山梨県指定文化財 (平成15年3月27日指定)
山梨県山梨市三富徳和420-1
建築年代/宝暦11年(1761)
当住宅が所在する徳和地区は、三富地区かの南端から徳和川に沿って西に入った山間にあり、南向きの斜面に石垣で築いた屋敷地や耕地が段々と続いています。住宅の建築年代は、棟札により宝暦11年(1761)に建築されたことが明らかになっています。建物は、桁行10間(18.2m)、梁間4.5間(8.2m)の直家で、梁間4.5間の中央を棟通りとして、屋根は切妻造り、茅葺で全面を鉄板で覆っています。主体部は「イドコ」廻りの上屋柱相互に楣梁を架け、また棟通りに大黒柱が建たない、いわゆる「四つ建」形式です。柱、梁などの構造材はもちろん、造作材や建具など古い部材、形式が残されています。建築様式の変遷過程や建築年代が明らかなため。峡東地方の民家の指標となる貴重な遺構です。

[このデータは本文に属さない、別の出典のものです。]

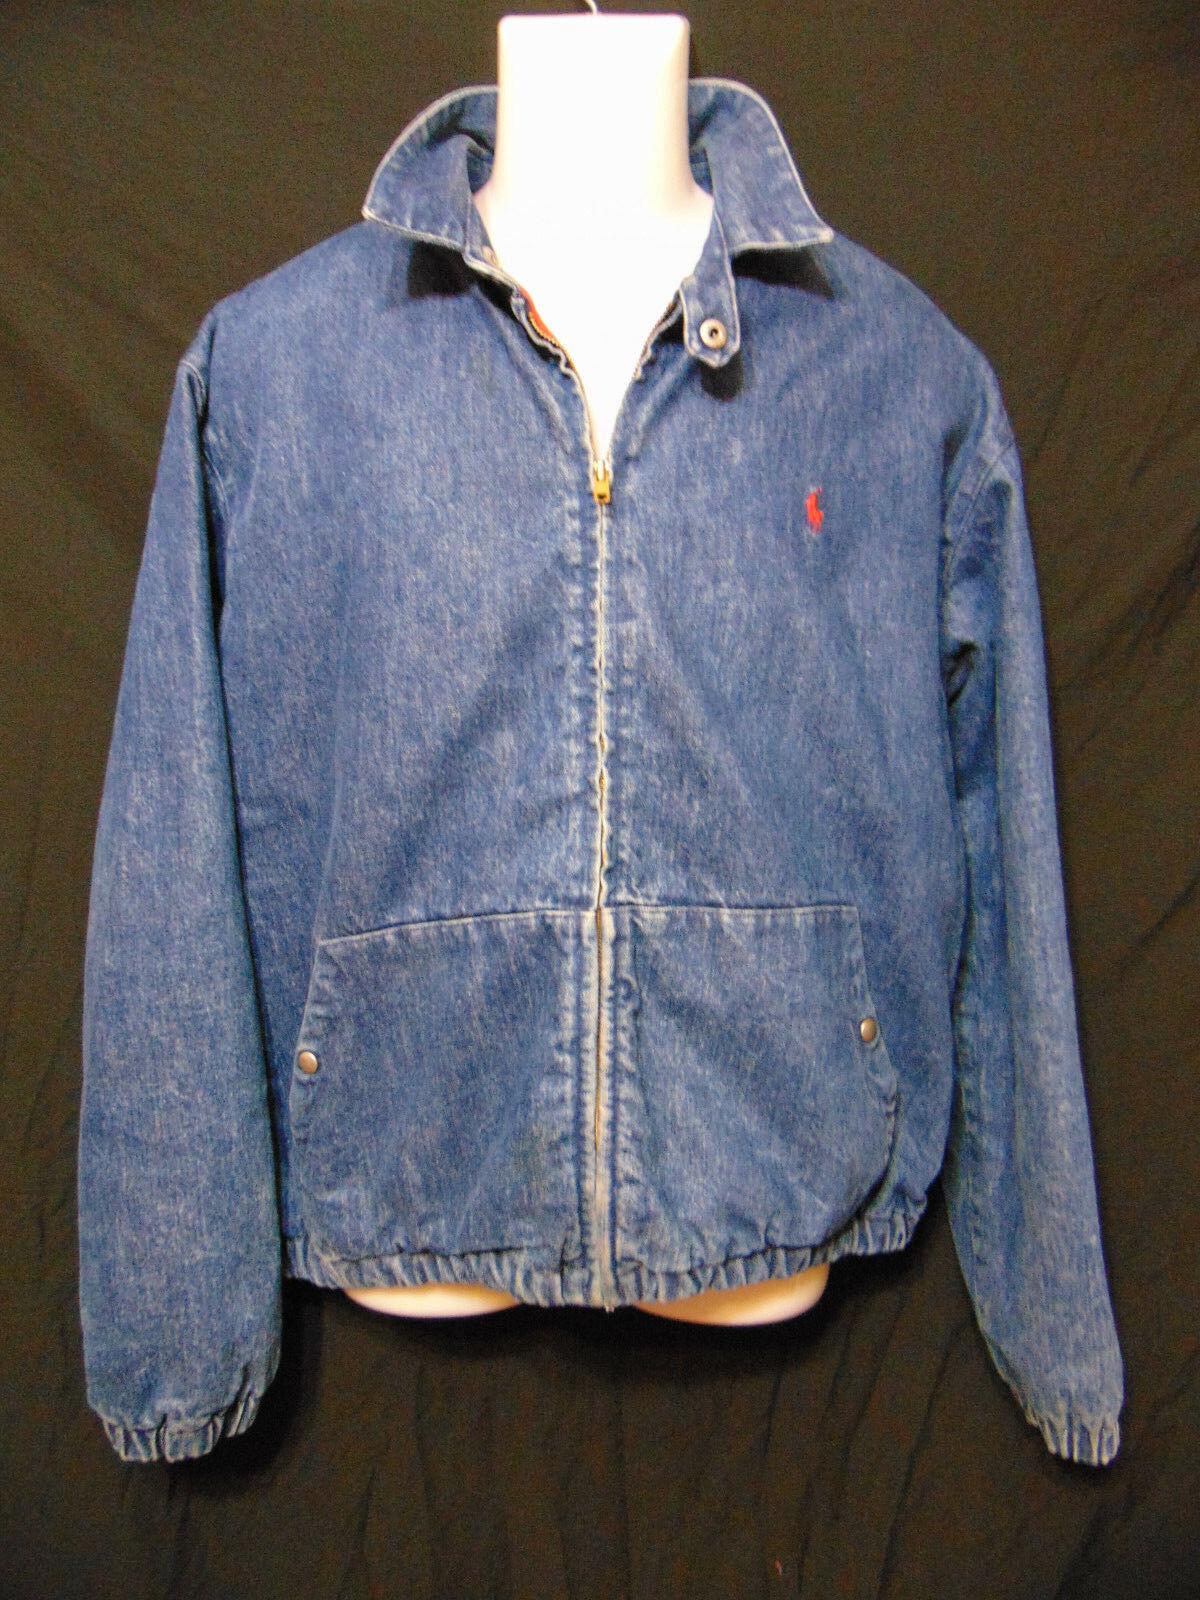 b9ef58fc2 57. 57. Previous. POLO RALPH LAUREN Vintage 80 s Mens Lined Jean Coat Jacket  Medium Full Zip USA

三富村は笛吹川最上流の村で、笛吹川の渓谷と断崖に沿った秩父往還は雁坂峠を超えて秩父の栃本宿に通ずる。当家の所在する徳和は三富村の南部から西に入る谷にあり、永禄8年(1565)武田信晴再興棟札を有する吉祥寺より少し上がった所に当家はある。標高は800m程もある。山村で耕地が少ないためか、屋敷地はそれほど広くはなく、背後は隣家の石垣が築かれるため、屋敷地には西から入る。当家の由緒は不詳であるが、家の規模と内馬屋を備える点から上層農家であったと推察される。甲斐国誌の徳和村の条には戸数85、男175人、女147人、馬7と記されている。